I'm new to R and have created a dictionary function. A user will input a phrase into a text field and the server will read it and see if there's a match in a back-end data table and if so, output the abbreviation of the phrase.
This dictionary data table does not have a 1 to 1 mapping. The dictionary has logical_word
and abbreviation
columns; here's a small sample:
238 abstract ABST NA NA NA
239 abstraction ABSTN NA NA NA
383 aggregate consumer economic ACE NA NA NA
876 business-to-consumer B2C NA NA NA
1309 consumer CNSMR NA NA NA
1310 Consumer Credit Counseling Service CCCS NA NA NA
1311 Consumer Indebtedness Index CII NA NA NA
1312 Consumer Lending CNL NA NA NA
1313 consumer loan application CLAPP NA NA NA
1314 consumer operating as business CSOAB NA NA NA
1315 Consumer Price Index
5582 time zone TZN NA NA NA
6041 Wholesale Consumer Information System WCIS NA NA NA
6119 zone ZONE NA NA NA
6121 ZORRO ZR NA NA NA
Suppose a user inputs "Consumer Credit Counseling Service zorro zone". This program will take the input and switch it to upper case and same w/dictionary DT.

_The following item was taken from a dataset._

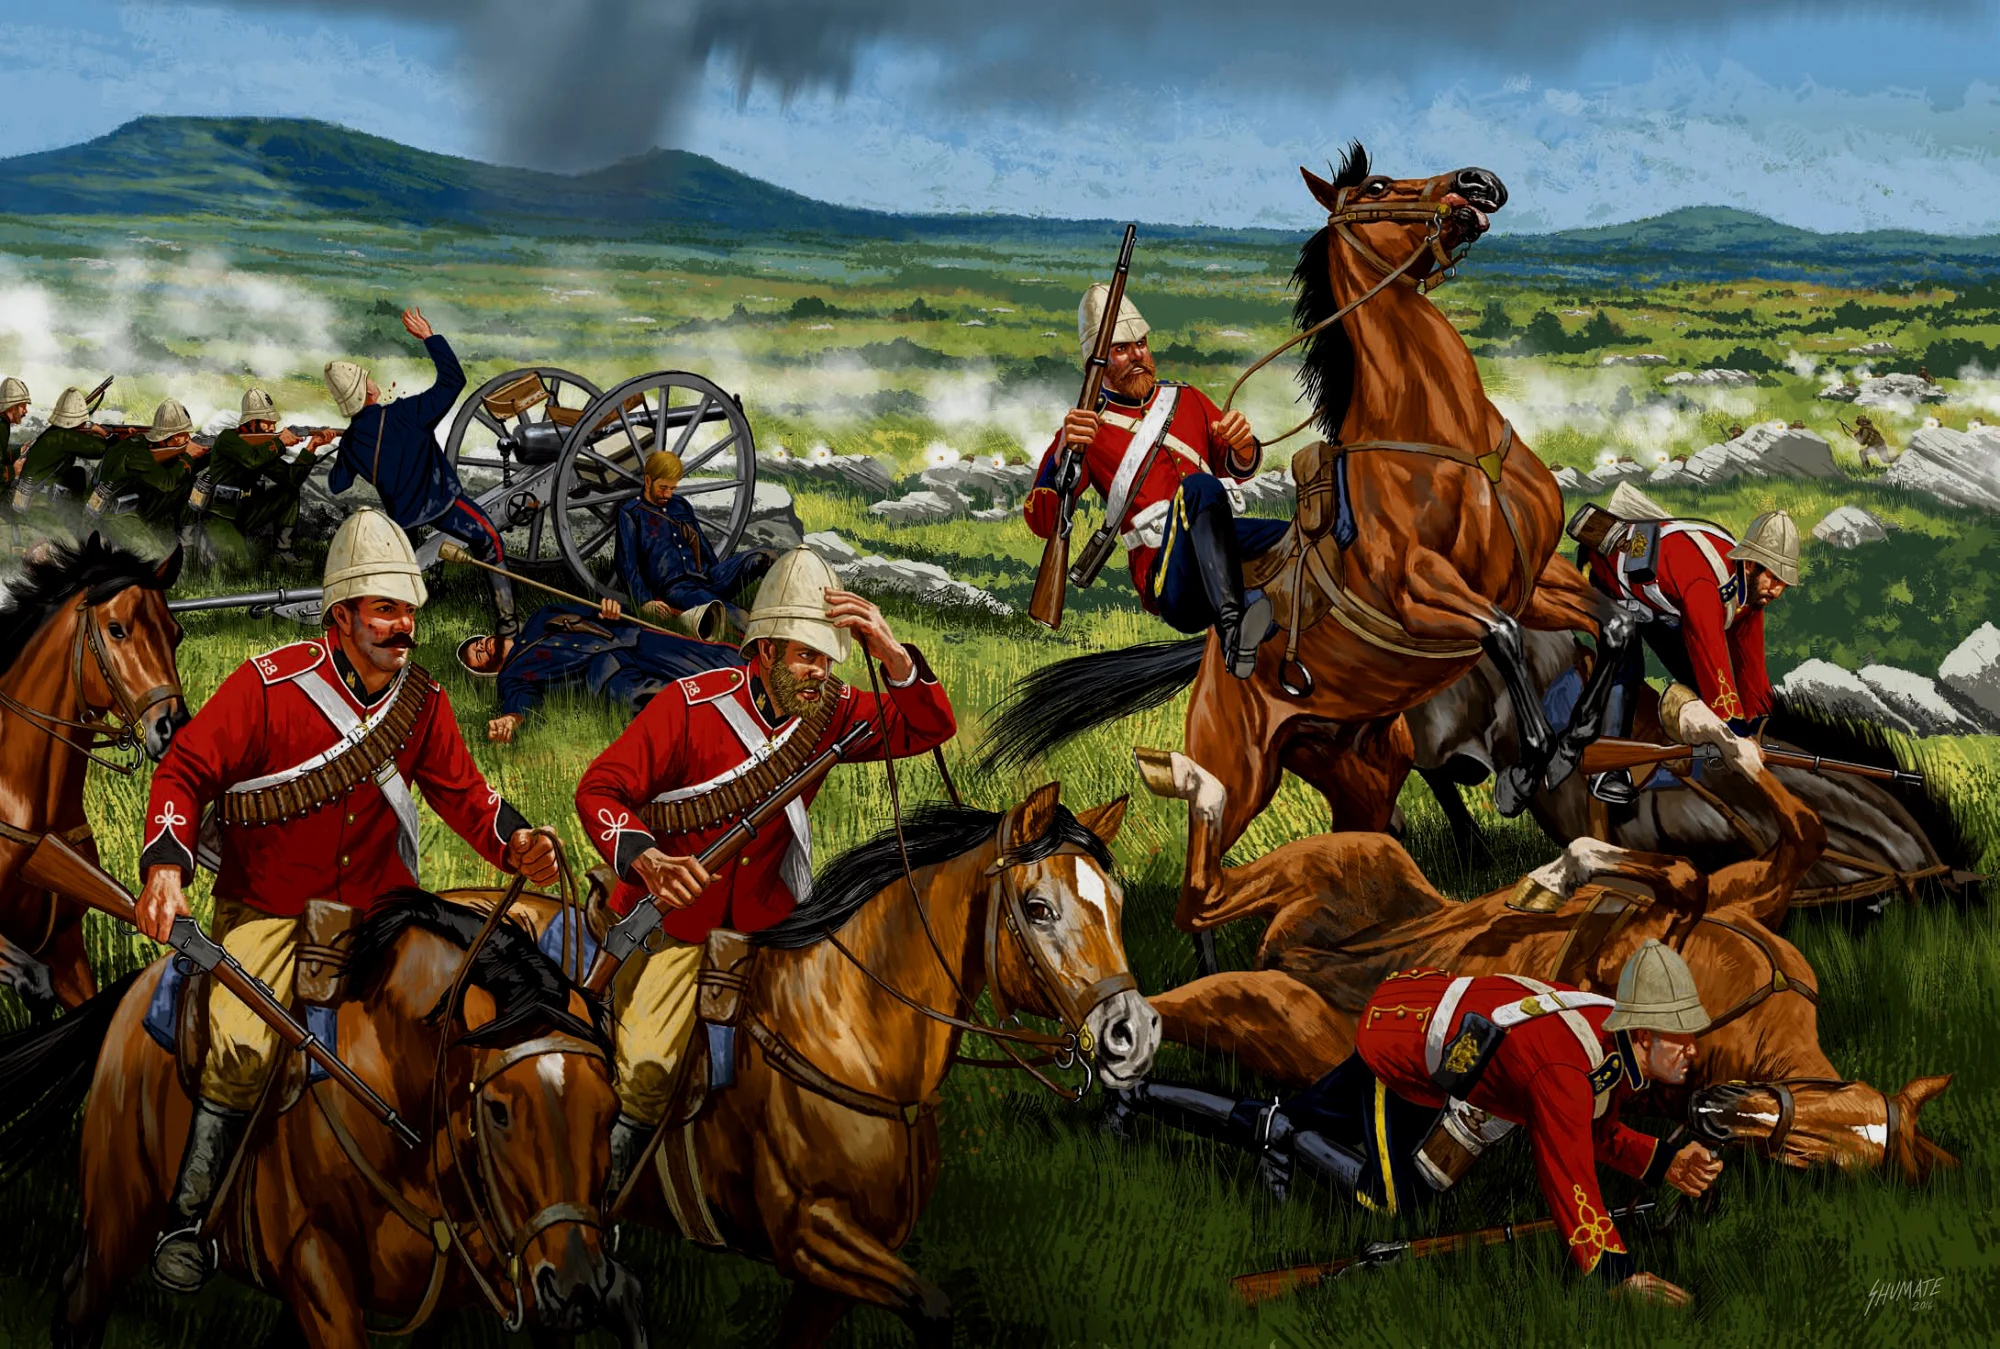 因戈戈之战中，英军骑兵军官布朗洛少校试图让骑兵部队从友军侧面冲锋，避免友军被布尔人包围。然而在骑兵于开阔地上部署队形的时候遭到了布尔火枪的准确射击，在开始冲锋前骑兵就几乎全军覆没

I split the user input on whitespace into a vector, then run a loop and grep for the first word (CONSUMER
) to see if there's a match in the dictionary. If there is a match, then I keep going and grep for 2 words (CONSUMER CREDIT
). I do the same for all words until there's no match returned from the grep or if the match returned is == 1; in that case I pull the abbreviation value using merge()

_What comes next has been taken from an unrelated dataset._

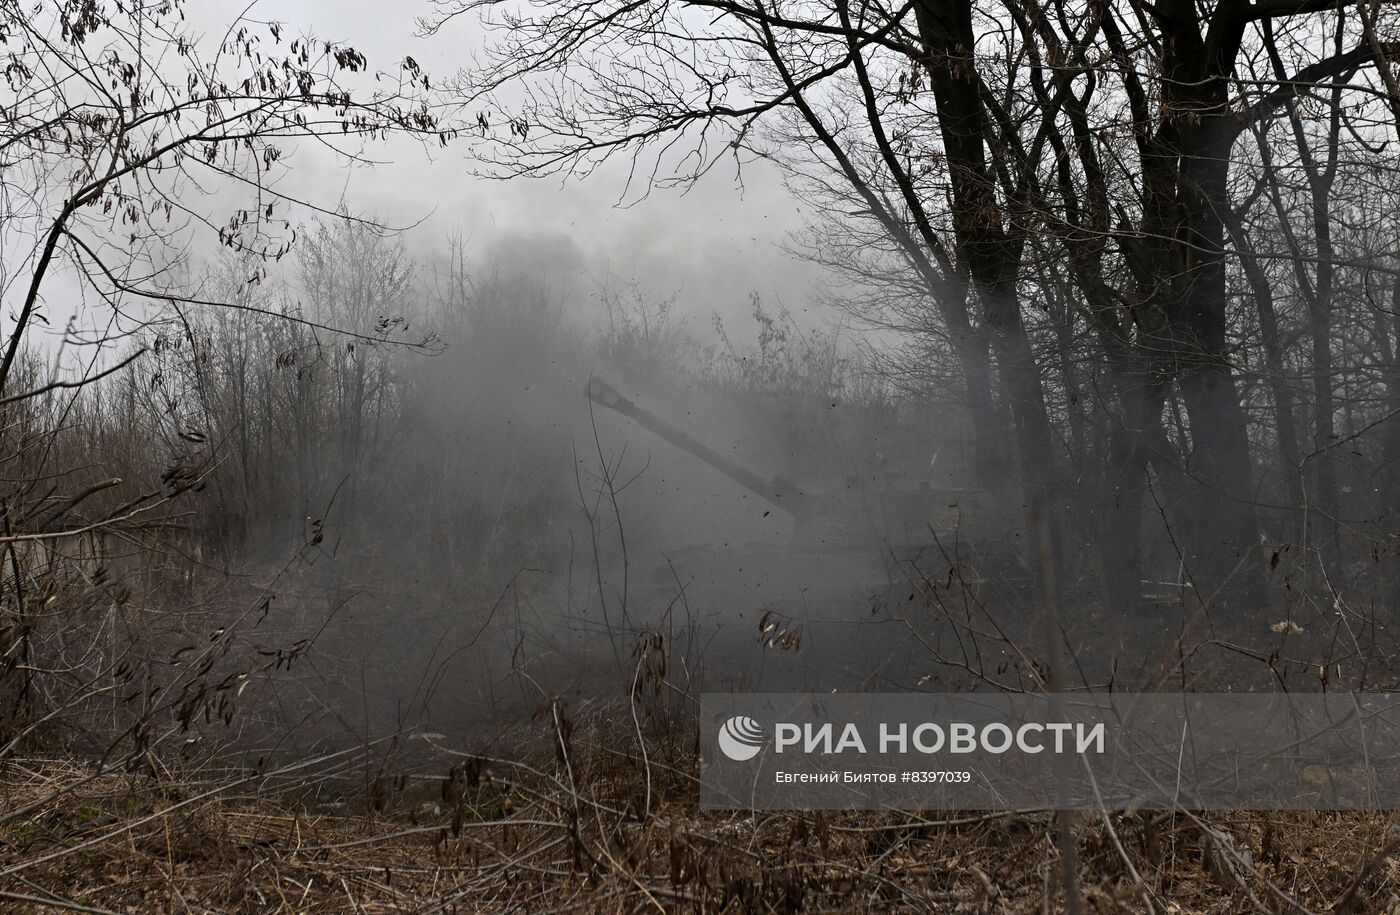 Работа артиллерии ВС РФ на Донецком направлении

and the phrase (searchStringDT[i])
.
When looking for "CONSUMER CREDIT COUNSELING SERVICE ZORRO"
the search result comes back as empty, so then I run a merge()
on the last iterated phrase "CONSUMER CREDIT COUNSELING SERVICE"
and the dictionary and get back the abbreviation "CCCS"
.
Then I set a flag (reset <- true
) and run the loop against "ZORRO"
and see if there's a match; since there is, I keep going and grep "ZORRO ZONE"
again. There's no value returned and I run a merge()
on "ZORRO"
and the dictionary and get back "ZR"
.
Then I run the loop on "ZONE"
, and since it's the last value, I run the merge()
and get back "ZONE"
.
I have a couple of questions:
Can someone recommend different approaches to improve speed/accuracy and make my code cleaner? Right now, it seems like a mess IMO.
If not, can someone recommend a way to fix my current approach, since this doesn't completely work.
In the grep I added
"^"
to make sure that I only return values that start with the user input, but when I tested with"abstract"
the grep returned both"abstract"
and"abstraction"
since the patterns match. My logic is based on only 1 value being returned to pull the abbreviation using themerge()
.If I add
"$"
to the grep then my code breaks since"CONSUMER CREDIT"
doesn't have an exact match. Is there some other condition I can add to see if the dictionary contains a phrase? So if I search"CONSUMER CREDIT"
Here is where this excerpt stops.